Dataset that we used offers train/test images in one folder, and two json files, train.json - which contains paths to train images, and test.json containing paths to test images. We've parsed both json files, and extracted train and test images to train and test folder respectfully:
def exportImages(json_url):
data = json.load(open(json_url))
prepend_url = 'ordered_images/test/'
if "test" not in json_url:
prepend_url = 'ordered_images/train/'
pathlib.Path(prepend_url).mkdir(parents=True, exist_ok=True)
for food_obj in data.values():
for food_url in food_obj:
food_class = food_url.split('/')[0]
if food_class not in classes:
break
pathlib.Path(prepend_url + food_class).mkdir(parents=True, exist_ok=True)

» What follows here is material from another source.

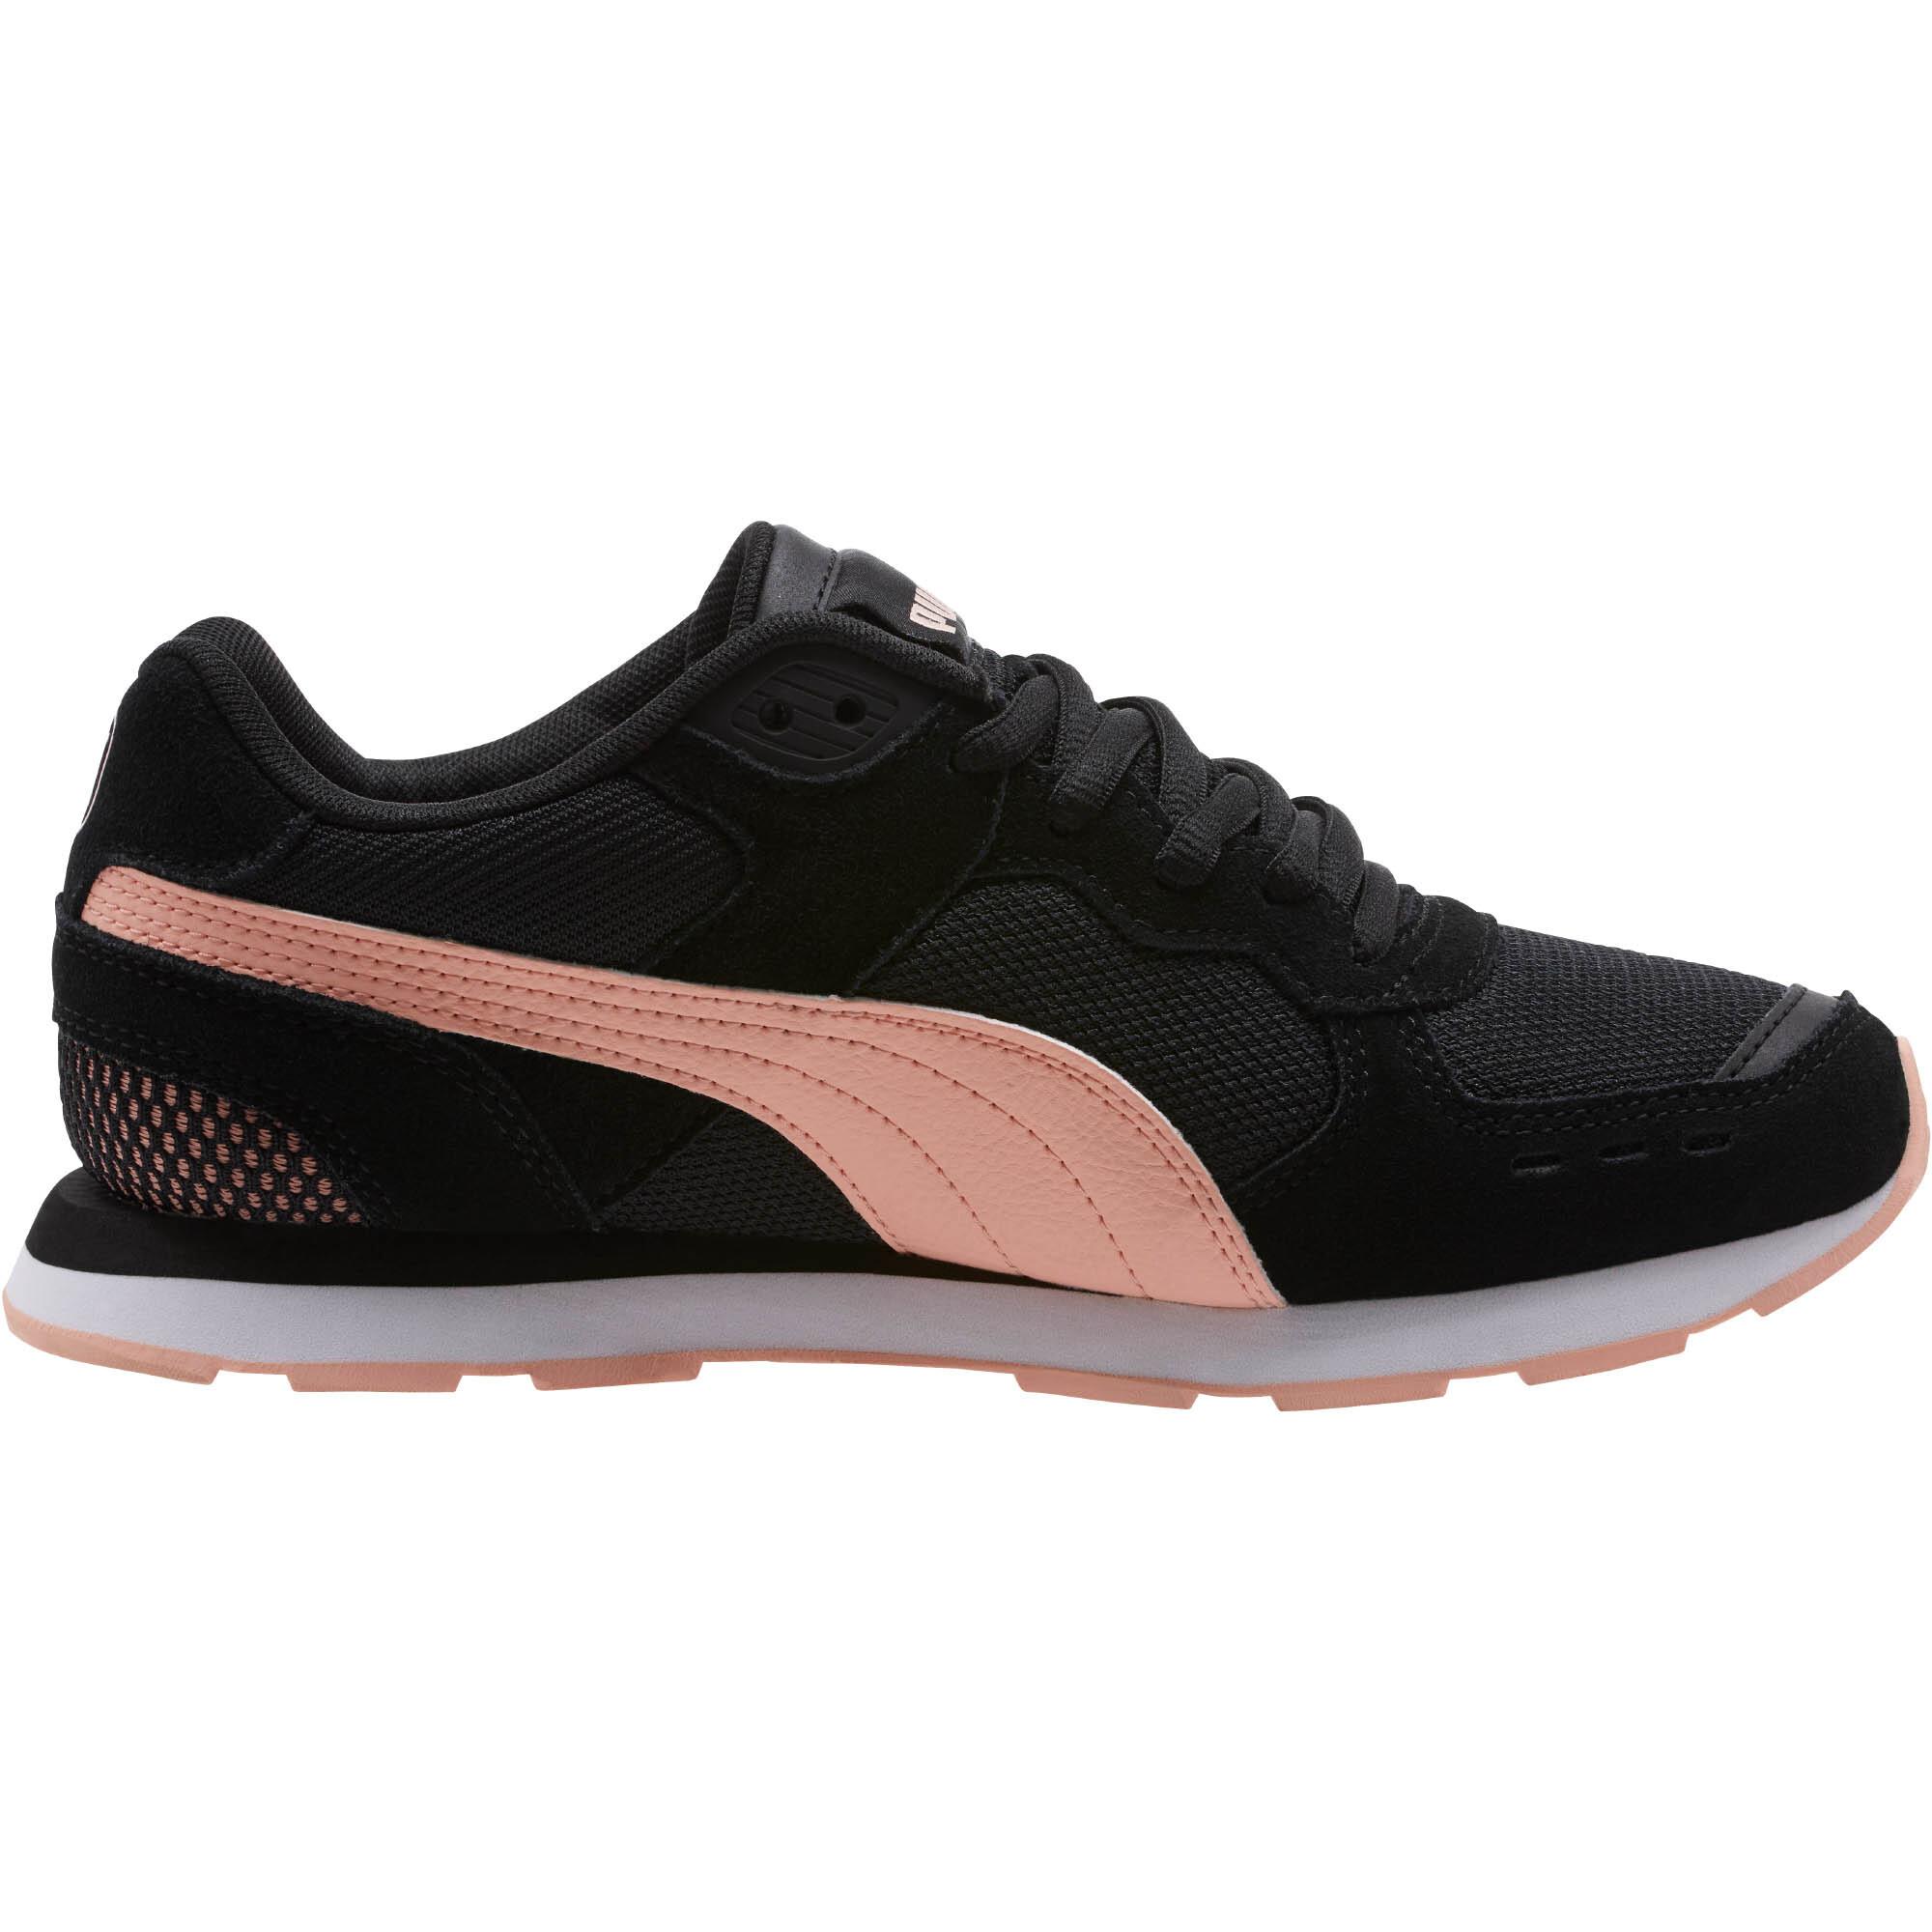 PUMA-Vista-Women-s-Sneakers-Women-Shoe-Basics thumbnail 10

print('copying file to ' + prepend_url + food_url + '.jpg')
copyfile('images/' + food_url + '.jpg', prepend_url + food_url + '.jpg')
As for image processing, we are using build-in Keras generator ImageDataGenerator This generator generate batches of tensor image data with real-time data augmentation. Basically, it creates loads of images and holds it in RAM memory. You can, however, save it in a file, but we didn't do that in our project as it would be space consuming.
Using GlobalAveragePooling is one of the things that boosted our accuracy, unlike MaxPooling that gave bad results. So far, the best result we got is with ResNet50, and that's what we used in code
We used ResidualNetwork for training purposes
We have tested training model with 4 different food classes and the result we got is 60%-65% accuracy with only one epoche.
We've tested training on top-level i5 processor and to finish one epoche, we'd have to train for 1,400 hours. Nonetheless, we've searched for alternatives, and managed to rent server with better CPU on ovh.com. It was 4x faster then i5, and it would take around ~350 hours to do one epoche.
Server specifications are:
Intel Xeon E3-1270v6
4c/8t - 3.8GHz /4.2GHz
32GB DDR4 ECC 2400 MHz
SoftRaid 2x2TB
500 Mbps bandwidth
vRack: 10 Mbps
Even with cloud CPU we rented, the end-results weren't satisfying. We've noticed that not all of the CPU on cloud was used for training. One of the ideas we had, was to optimize image data generator. The problem within was that Keras documentation for ImageDataGenerator was one pager, it's pretty shallow with loads of that missing, so we decided to modify it by creating new processes. This however, was not used in project but code's on the repository in image_gen_extended.py file. The idea was to create multiple processes that would basically to the training, which is going to use more of processor's resources for training.